My focus for the last 3 months was to get her back at any and all costs. However my last attempt to seduce her into coming home failed 12 Mar. I have began to get over her. It started out as me believing that she was never coming home. To now, I do not want her to come home...

I Feel like the hell she has put me through for almost a year now is unforgiveable. I'm am tired of her rejection and her Wayward ways. I dont have proof but I believe OM moved out here and WW sees him as often as she can.

I am ready to press forward with D and I dont feel bad about it. I have tried to find another story where somebody put the 180 into action for their SO but found it play in to themselves. Am I in the right place? I am really happy to be here but it is a little suprising to me considering how dark my last few months have been.

Thanks,
-HH


----------



## Thumper (Mar 23, 2013)

Grats on moving on, must have been tough!! I have to think it will get better day by day even.
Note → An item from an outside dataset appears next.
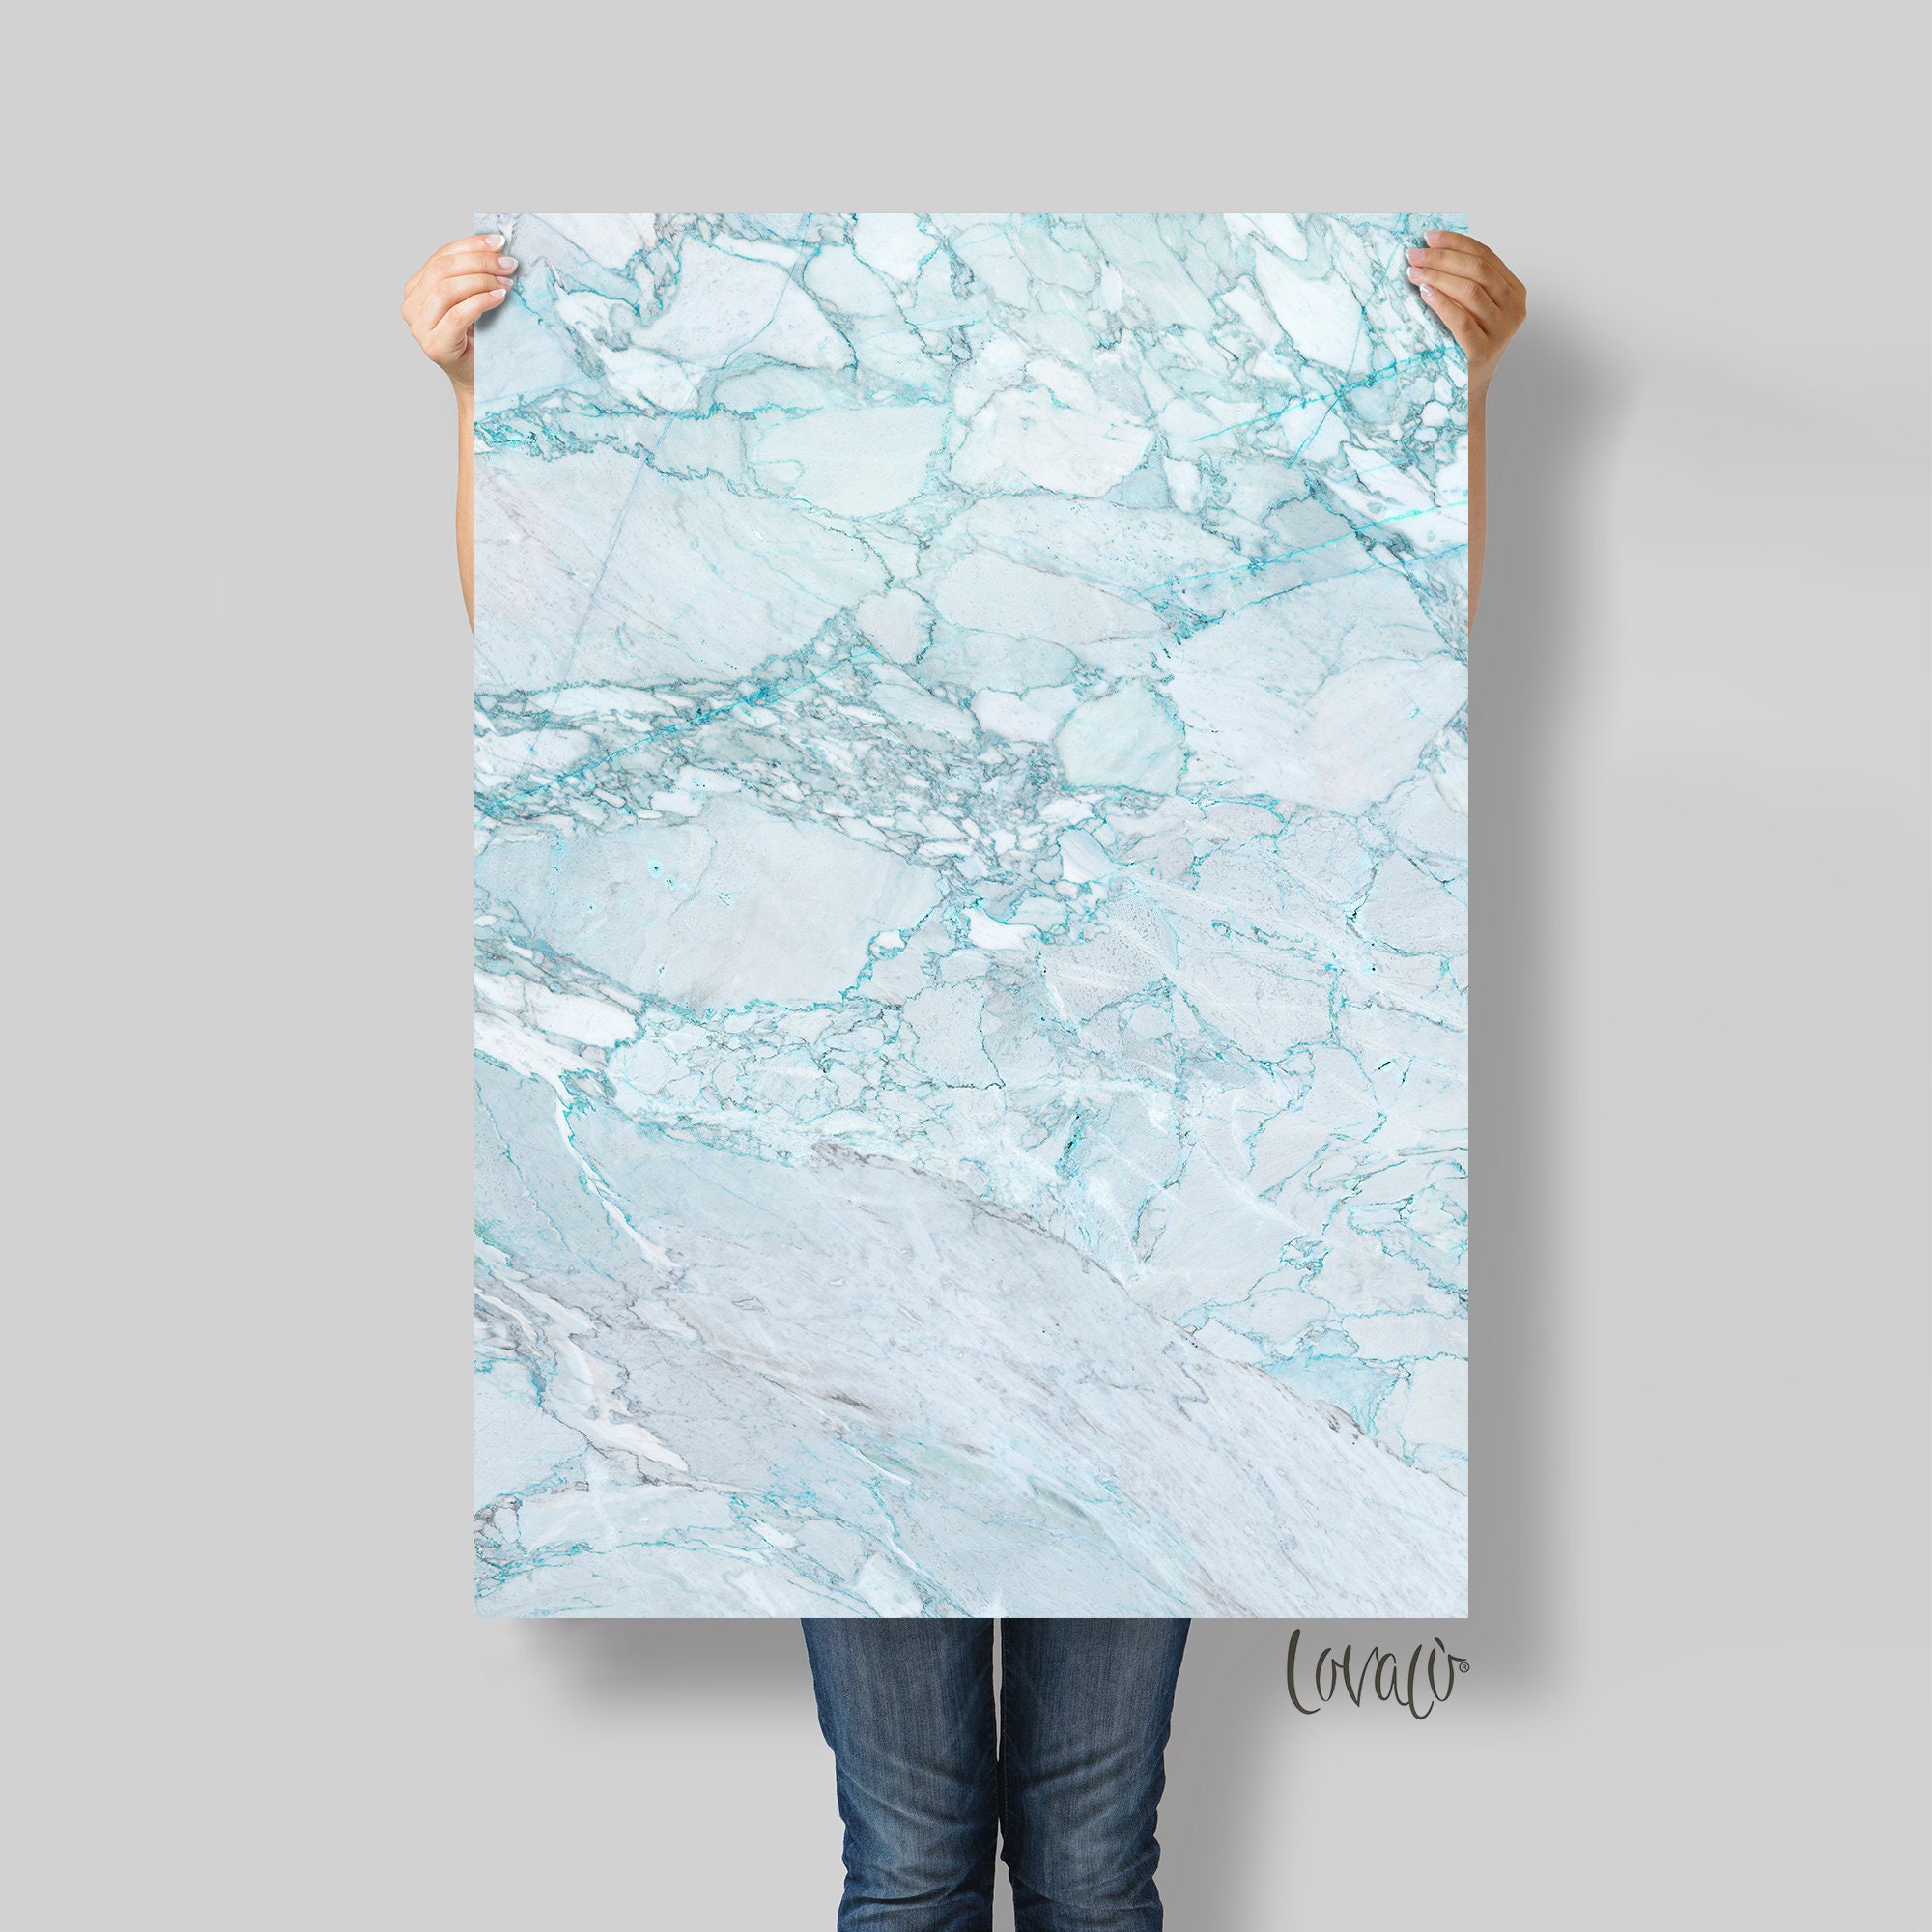 Light Blue Marble Food Photography Backdrop White Concrete for Product,  Instagram, Flat Lay & Food Photography Lov3060 
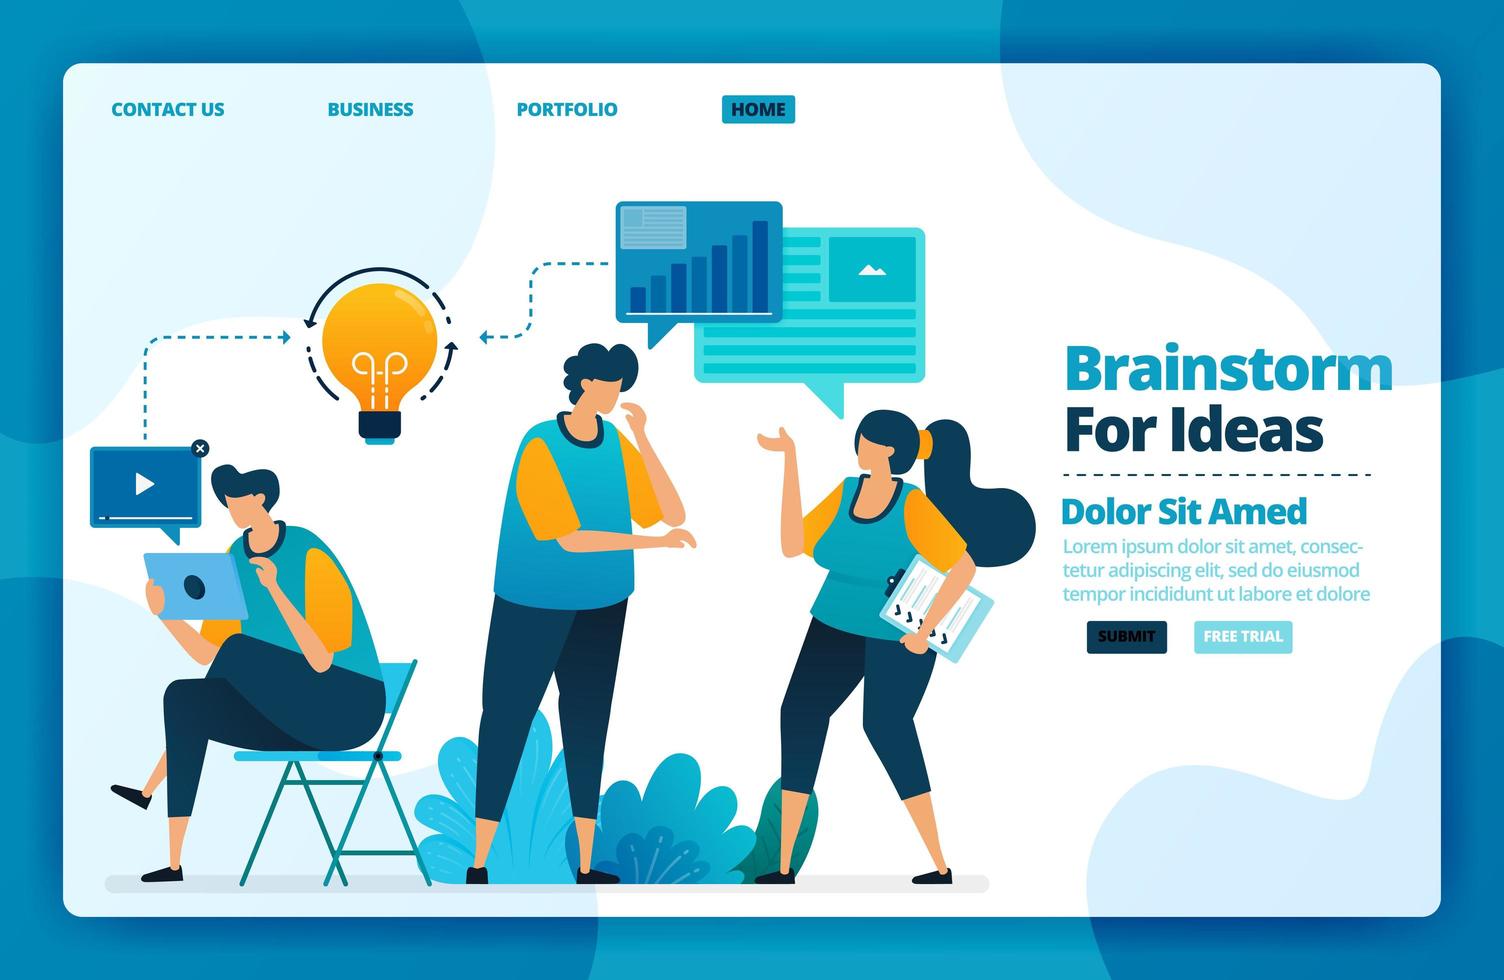 Landing page vector design of brainstorm for ideas. Design for website, web, banner, mobile apps, poster, brochure, template, billboard, welcome page, promotion, cover, business card, advertisement

Its all your gain and her loss.

Hope to heck you can now find a wonderful person that WANTS to spend their life with you.


----------



## Dadwithtwolittlegirls (Jul 23, 2012)

Do yourself a favour... get counselling. It can really be a boost in a sea of sadness.


----------



## wiigirl (Jun 14, 2012)

Sadwithtwolittlegirls said:


> Do yourself a favour... get counselling. It can really be a boost in a sea of sadness.



:iagree:


----------



## Dadwithtwolittlegirls (Jul 23, 2012)

I went a found a local place that is geared to income. If you have benefits then it might be covered. Check with your HR manager at work.


----------



## Stretch (Dec 12, 2012)

HH,

Not a lot of folks here will realize it but it looks like the majority of us start the 180 for R and end up with the D but moving forward ready to take on the world.

I am on my way there. Wanted R so badly I would have sold my soul to the devil. Not anymore, I am 6'2", with a full head of hair, whitened teeth and an improving personality. Sorry to be an egomaniac but I look great, feel great and looking forward to the future with a beautiful girlfriend. In less than 6 months, FYI.

Quite the turn of events. You can sense it from so many stories here, most of us will not get the R but we will be better than OK on the other end, we will thrive and it is because of the 180.

It's all good friend, all good,
Stretch


----------



## Hanging on for hope (Mar 18, 2013)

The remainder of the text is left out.